First, given a particular deck size (1 deck, 2 deck, 6 deck, etc.) and whether or not the house hits or stands a soft 17, I calculated the probability of each possible house result (17, 18, 19, 20, 21, bust) for each possible up card - except for 2-card 21s, since you don't have to worry about standing / hitting / doubling on those.

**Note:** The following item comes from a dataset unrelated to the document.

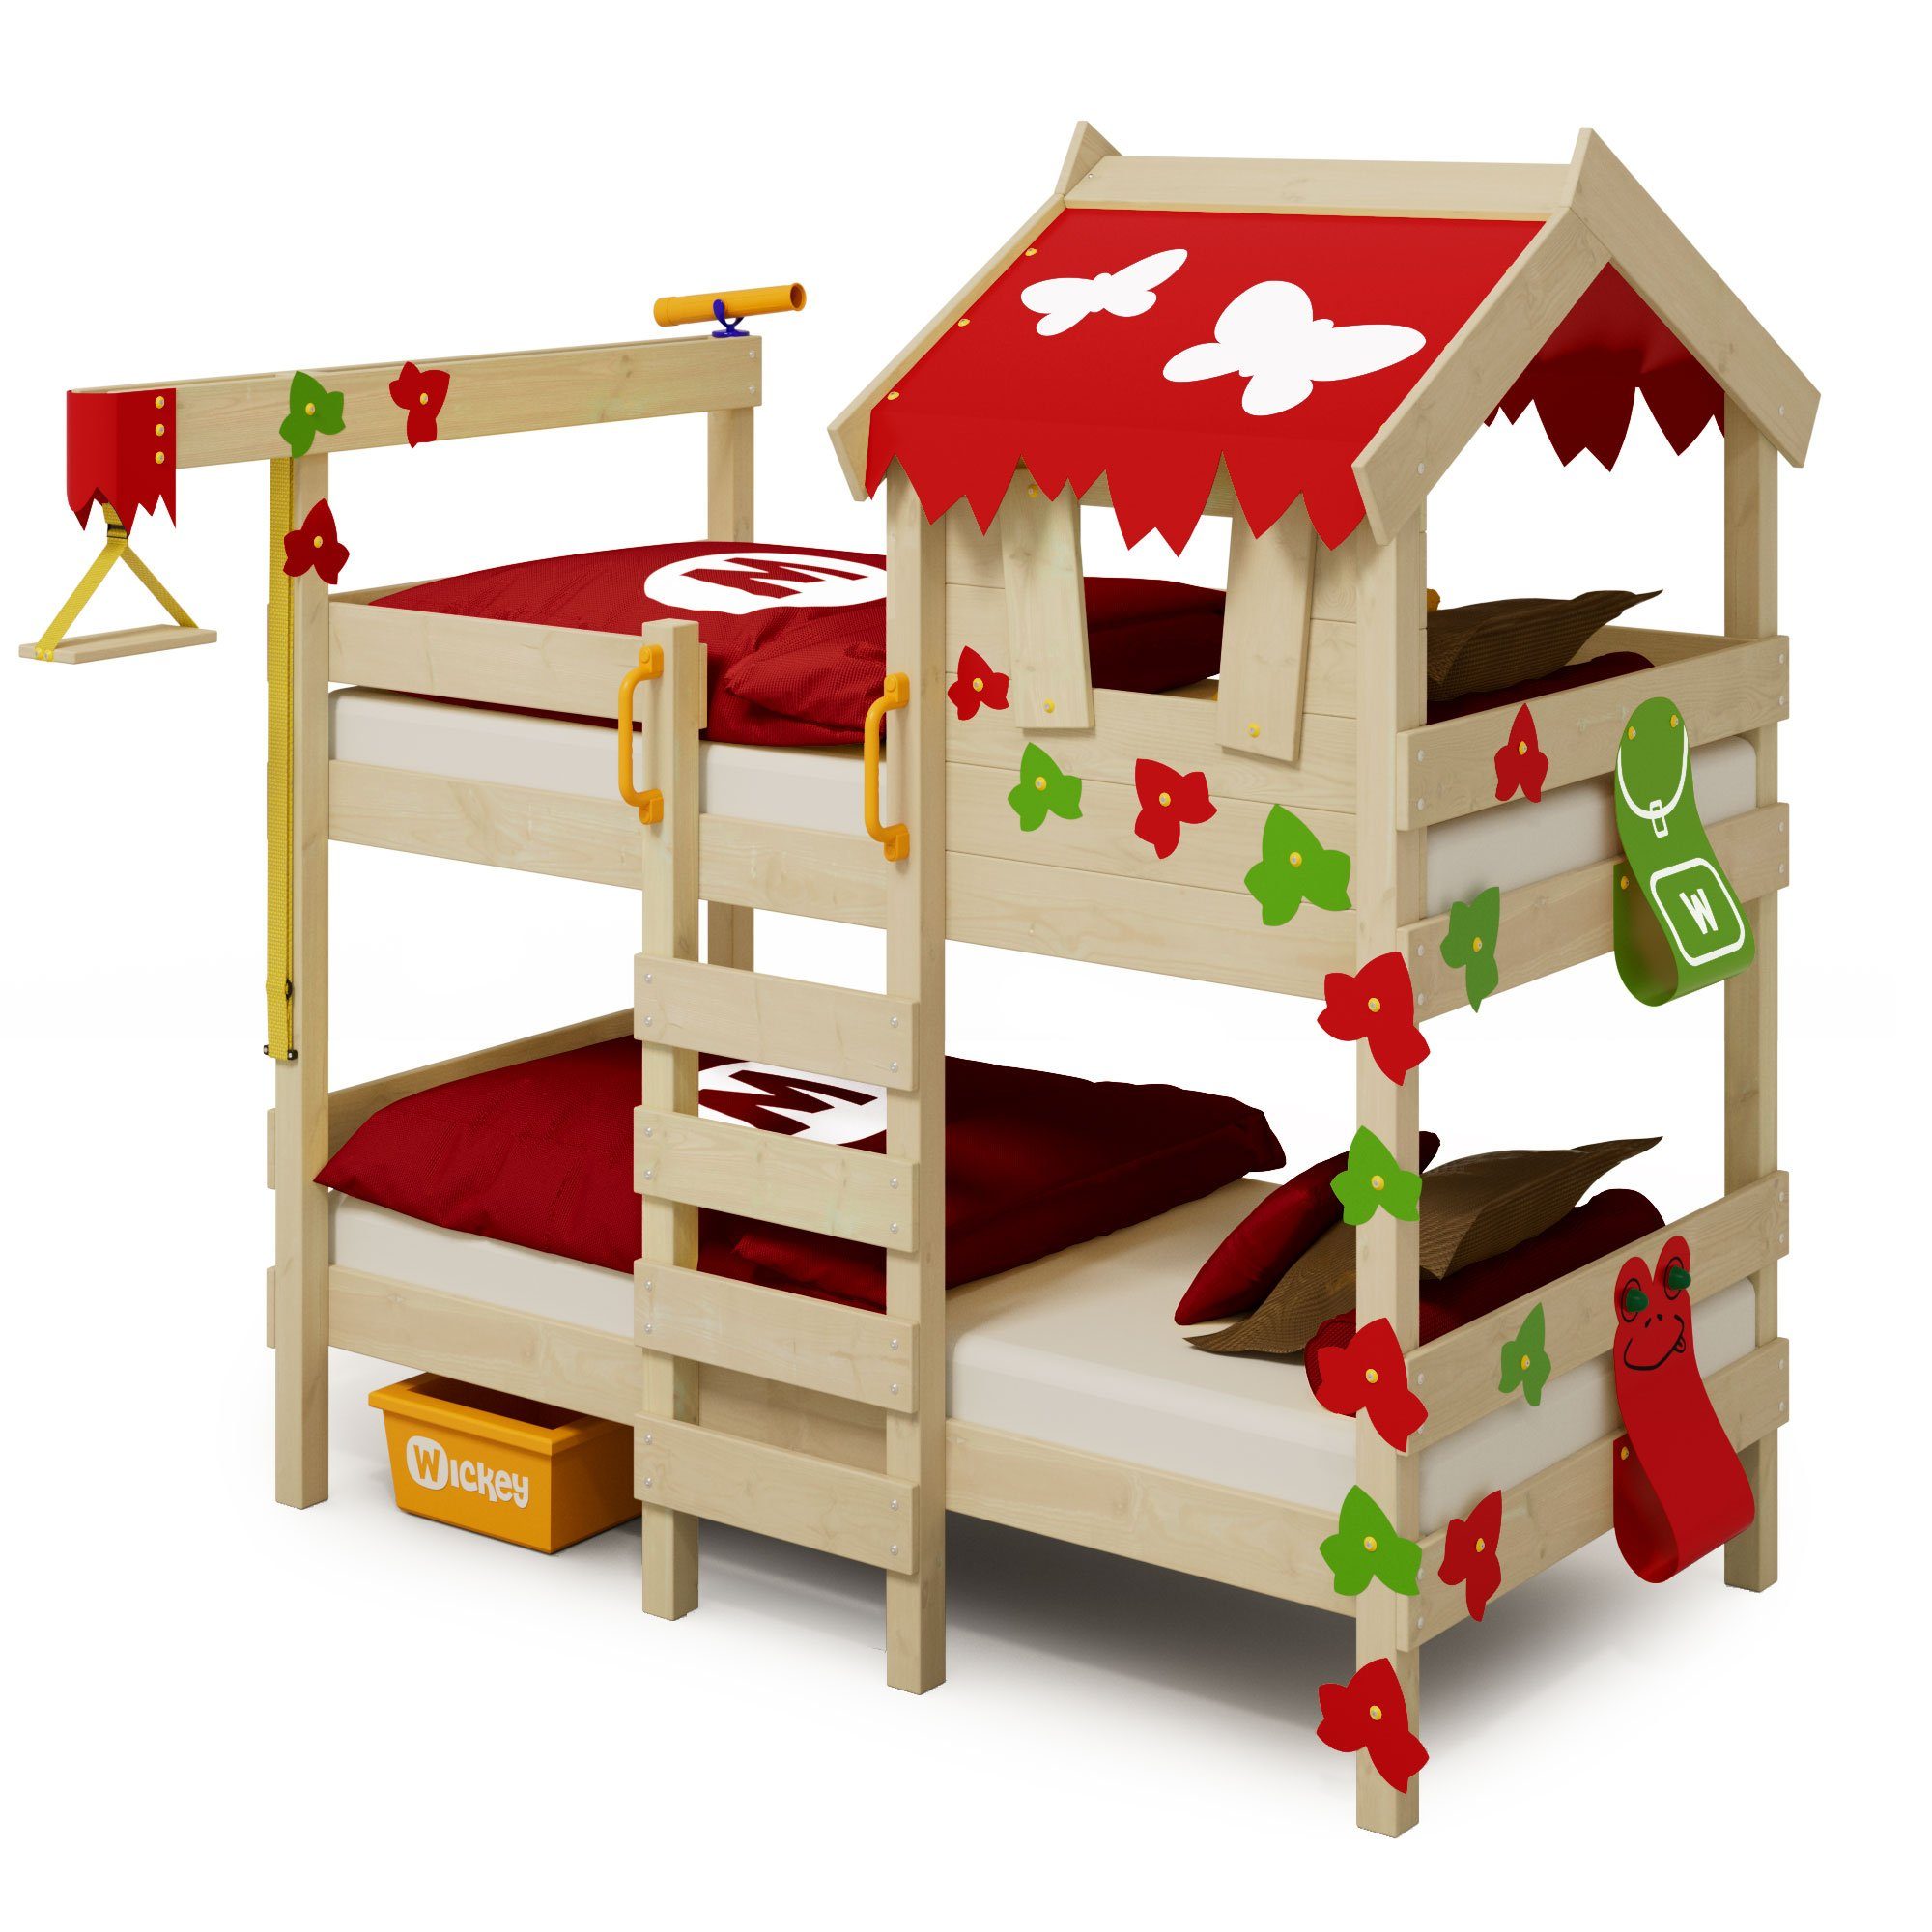 Wickey Kinderbett Crazy Ivy, Spielbett, 90 x 200 cm Hochbett (Holzpaket aus Pfosten und Brettern, Spielbett für Kinder), Massivholzbrett rot/apfelgrün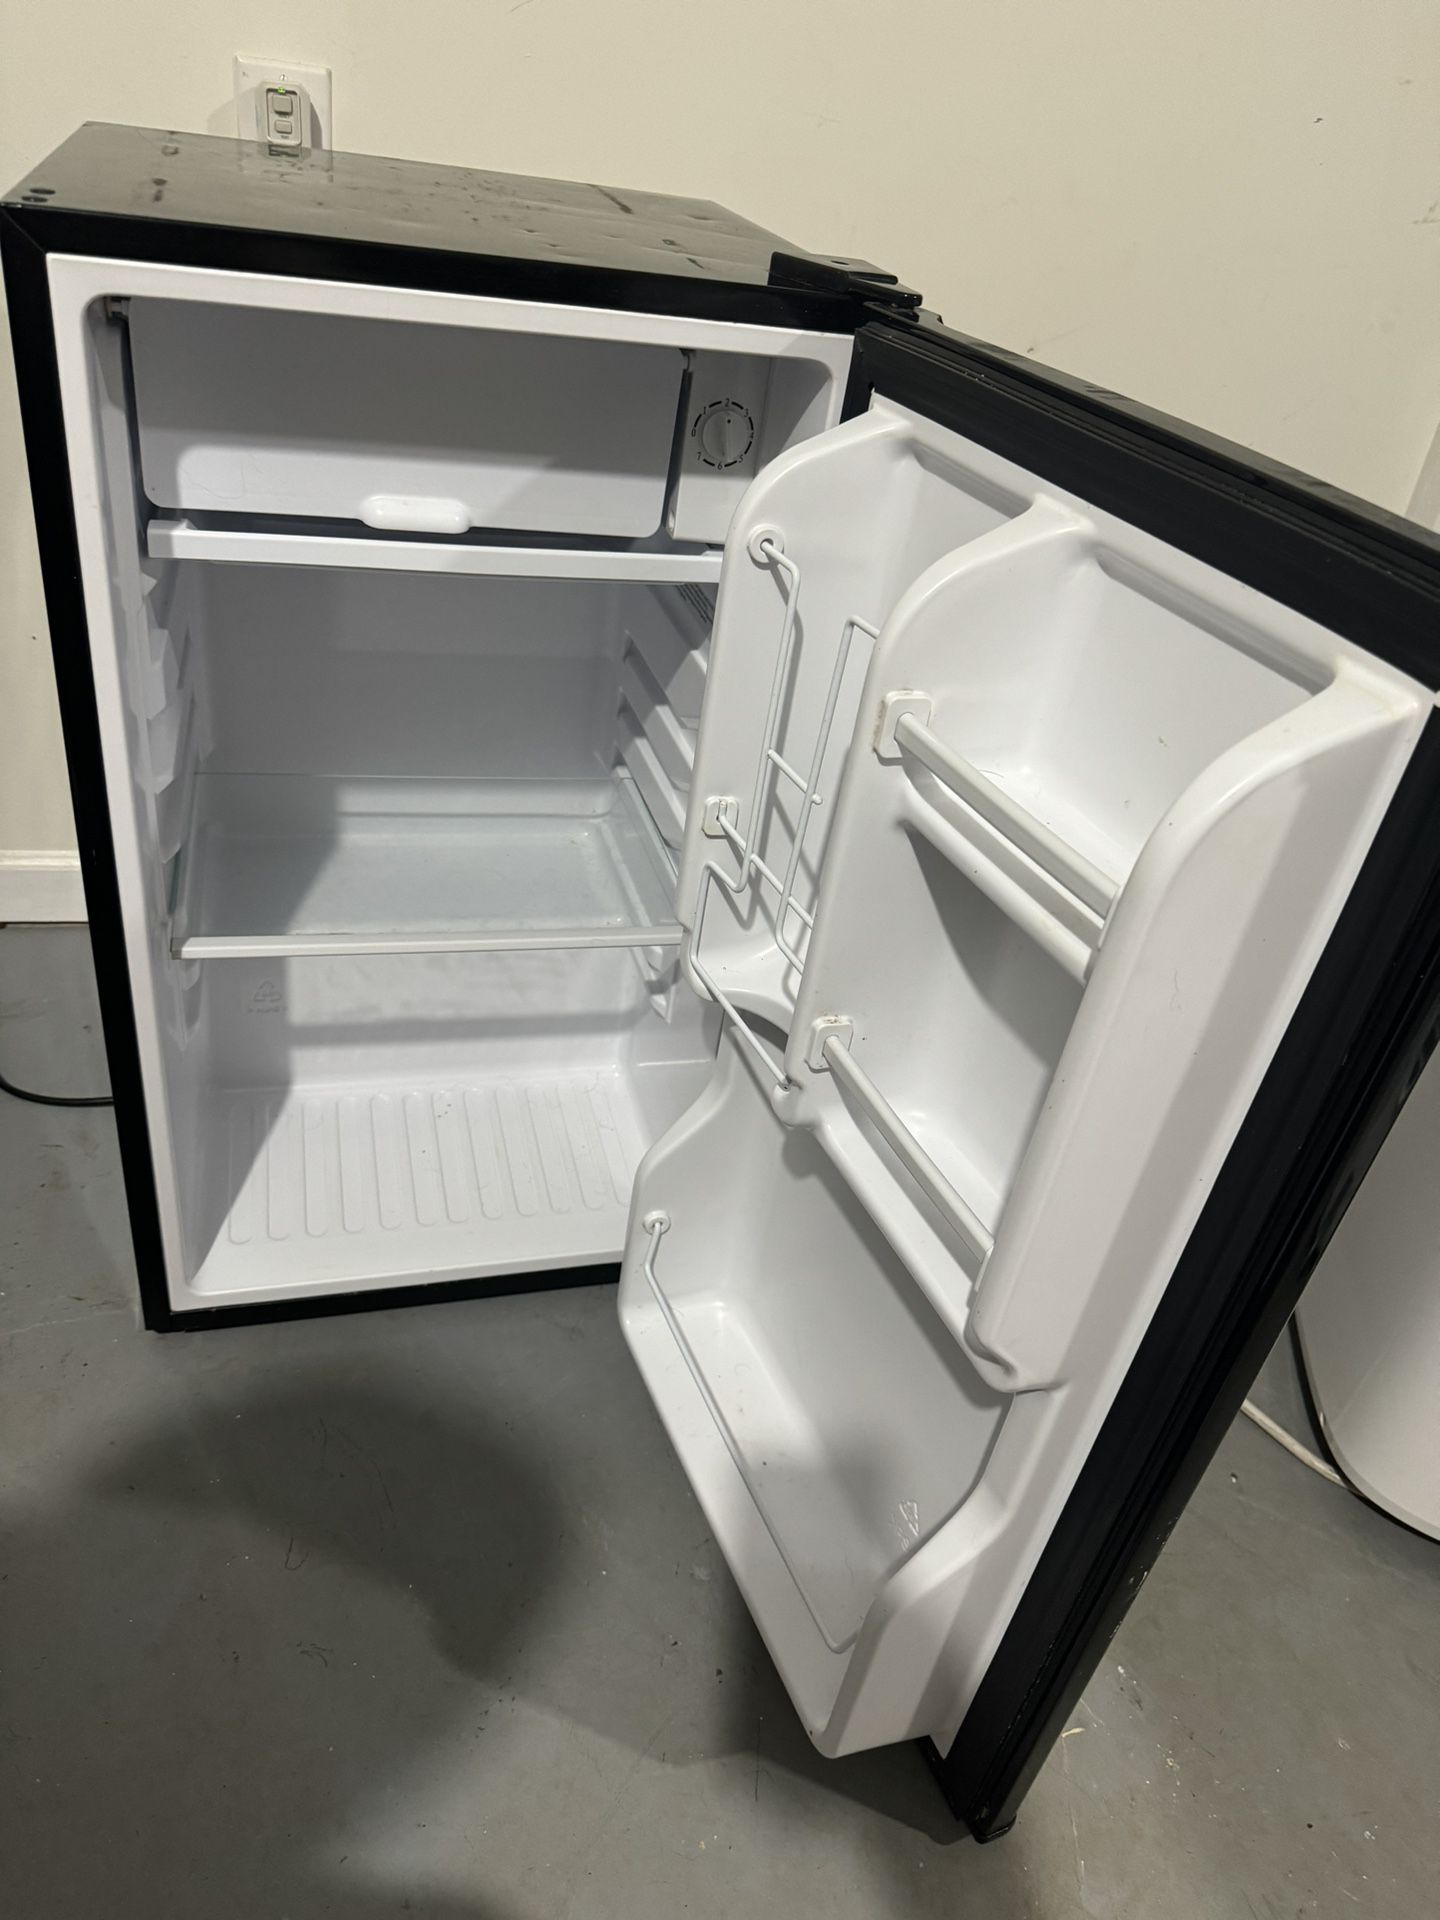 3.5 Cu. Ft. Compact Refrigerator

Next, calculate the hit/stand strategy, starting with having a hard 21. Note that the strategy for each dealer up card is calculated separately.
Obviously, if you hit a hard 21, you always lose, so you stand on hard 21, but what you want to know is, what is the expected result? Since you push if the dealer ends up with 21 and you win if the dealer has anything else, the ER is +1 x (the sum of the probabilities that the dealer has 17, 18, 19, 20, and bust). This is important to know for later.
Now, hard 20. If you hit, there's a 1/13 chance that you will have hard 21, and 12/31 that you bust, so the ER for hitting is (the ER for hard 21) x 1/13 + -1 x 12/13. If you stand, you lose with a dealer 21, push with a dealer 20, and win with anything else, so the ER is +1 x (the sum of the probabilities of a dealer 17, 18, 19, or bust) + 0 x (the probability of a dealer 20) + -1 x (the probability of a dealer 21). The ER for 20 is whichever the ER for hitting or the ER for standing is better.
For hard 19, hitting has 1/13 chance of 20, 1/13 chance of 21, and 11/13 chance of bust, so the ER is (the ER for hard 20) x 1/13 + (the ER for hard 21) x 1/13 + -1 x 11/13. Calculate the ER for standing similar to how it was done for 20 and 21.
This is why you start at 21 and work down - you need to know the ER of the results above the number you are working on.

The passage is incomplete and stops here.